The AG review of a sale, transfer, or other forms of disposition of a nonprofit corporation’s health facilities assets ensures that these hospitals provide sufficient healthcare access to the community despite budgetary concerns or profit motives. It is important, therefore, that the AG continue to exercise such enforcement authority without limitations.

AB 2036 corrects, in part, the loophole identified in the federal bankruptcy case, In re Verity Heath System of California, Inc., to ensure that the AG may continuously enforce previously imposed conditions on nonprofit hospitals when they are sold to a public entity. Such enforcement would help ensure continued healthcare access. However, the bill stops short and could do more to correct additional loopholes in In Re Gardens and In Re Verity, which prevent AG review for certain type of sales, such as the sale of closed hospitals and the sale of nonprofit hospitals to public entities.
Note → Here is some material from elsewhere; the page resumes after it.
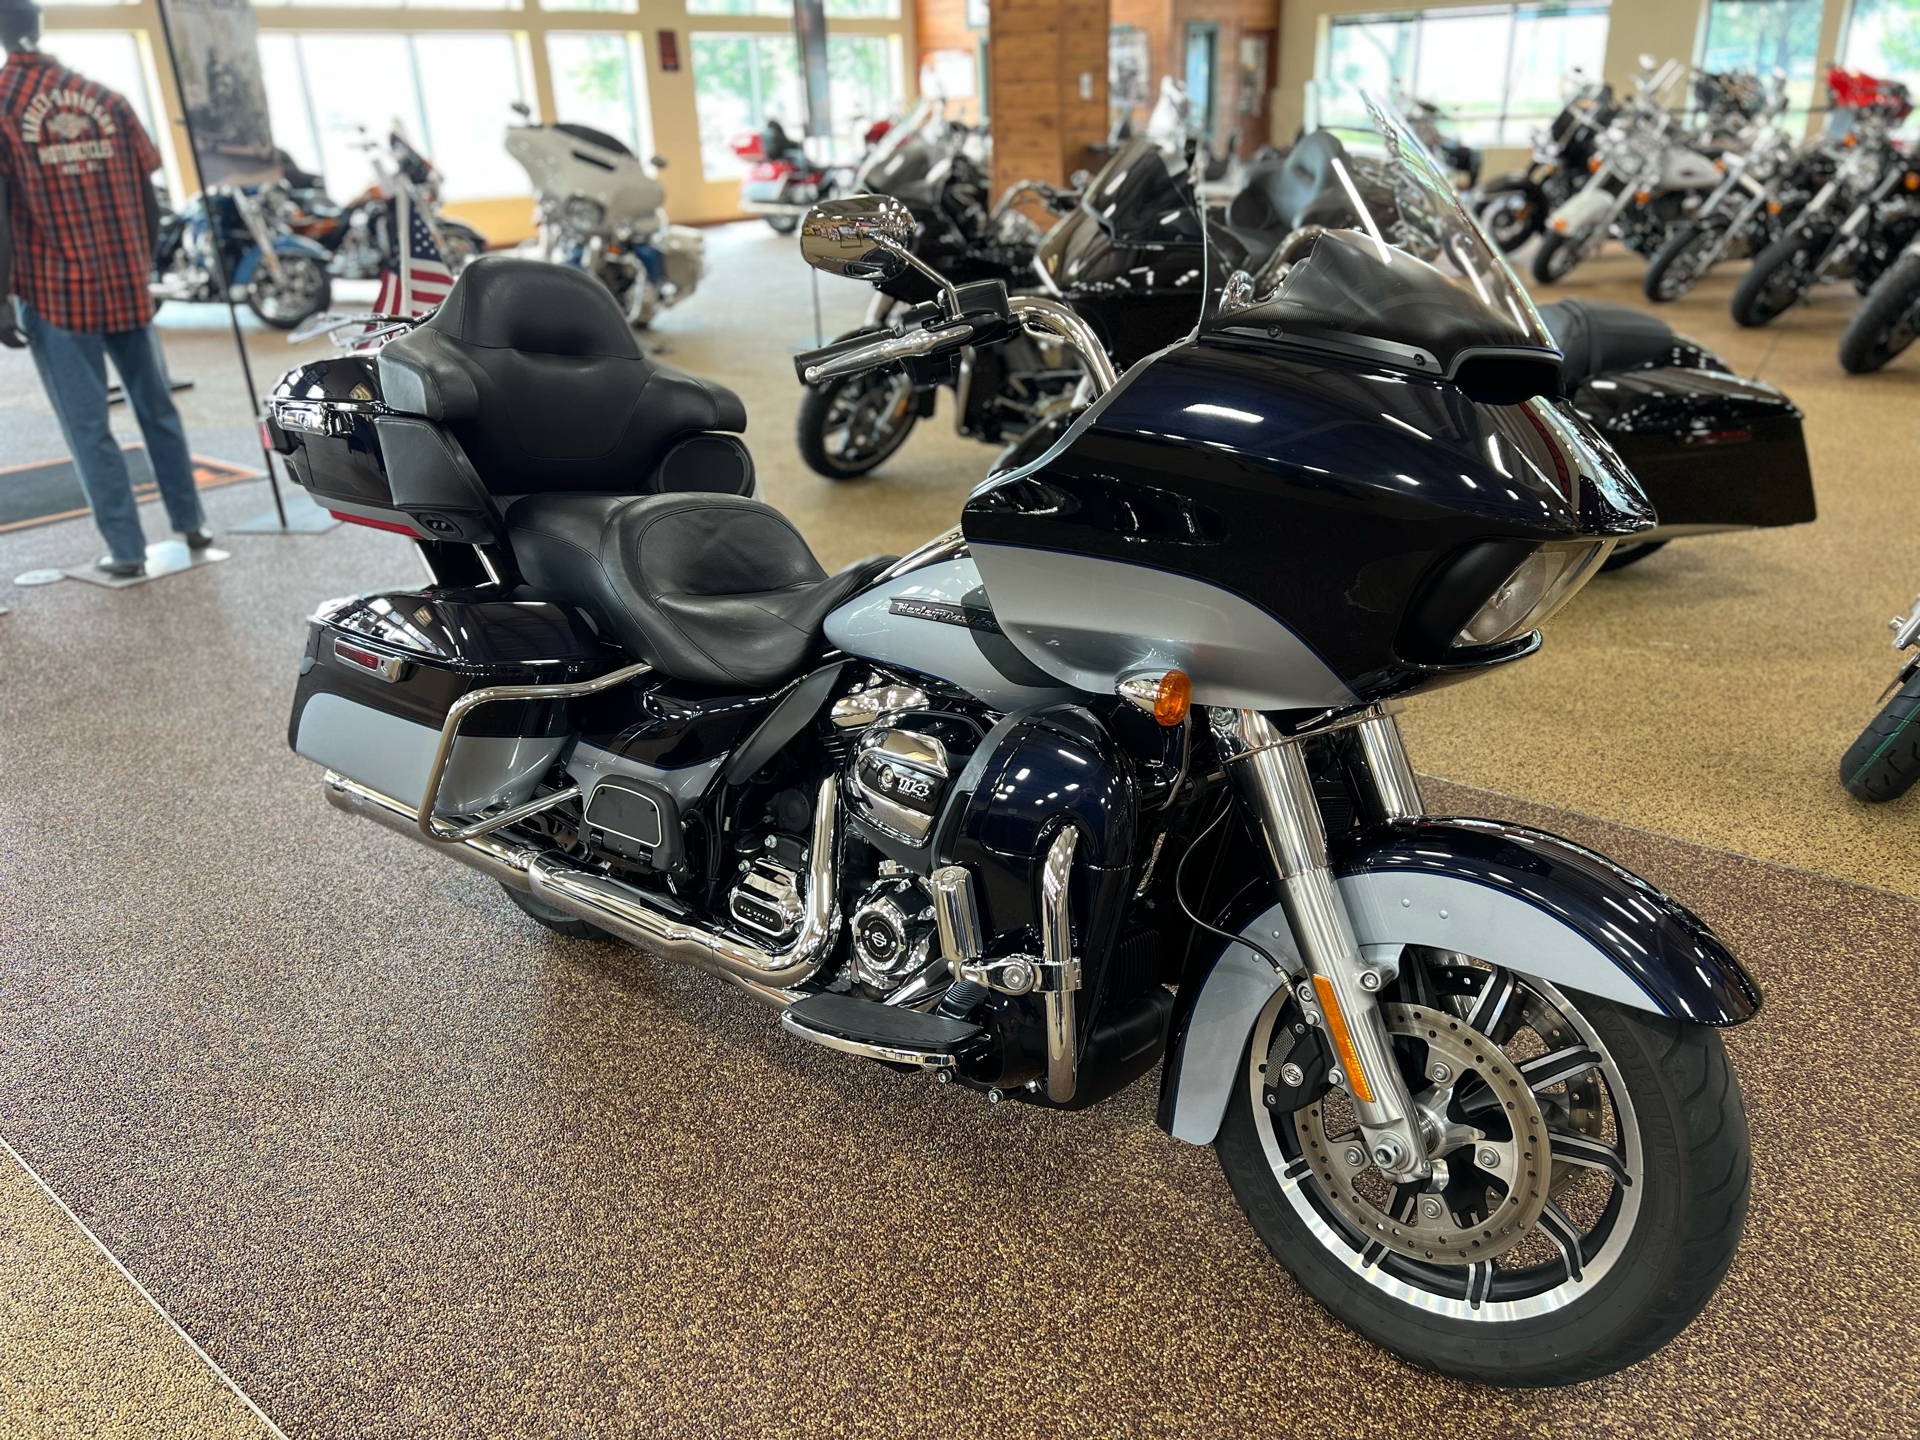 2019 Harley-Davidson Road Glide® Ultra in Sauk Rapids, Minnesota - Photo 5

Nonetheless, AB 2036 is an important step to ensuring healthcare accessibility in the midst of increased healthcare consolidation.



[1] In re Gardens Regional Hospital and Medical Center, No. 2:16-bk-17463-ER at *3 (Bankr. C.D. Cal. May 15, 2017).

[2] Id. at *5.

[3] Id. at *5-6.

[4] Id.

[5] Id. at *6.

[6] Id. at *7.

[7] In re Verity Health System of California, Inc., No. 2:18-bk-20151-ERat *9, *10 (Bankr. C.D. Cal. Dec. 26, 2018).

[8] Id. at *10-11.

[9] Id. at *10.

[10] Id. at *11.

[11] Id. at *11.

[12] The bill analyses for either bill did not indicate the Gardens court case as a reason for the amendment.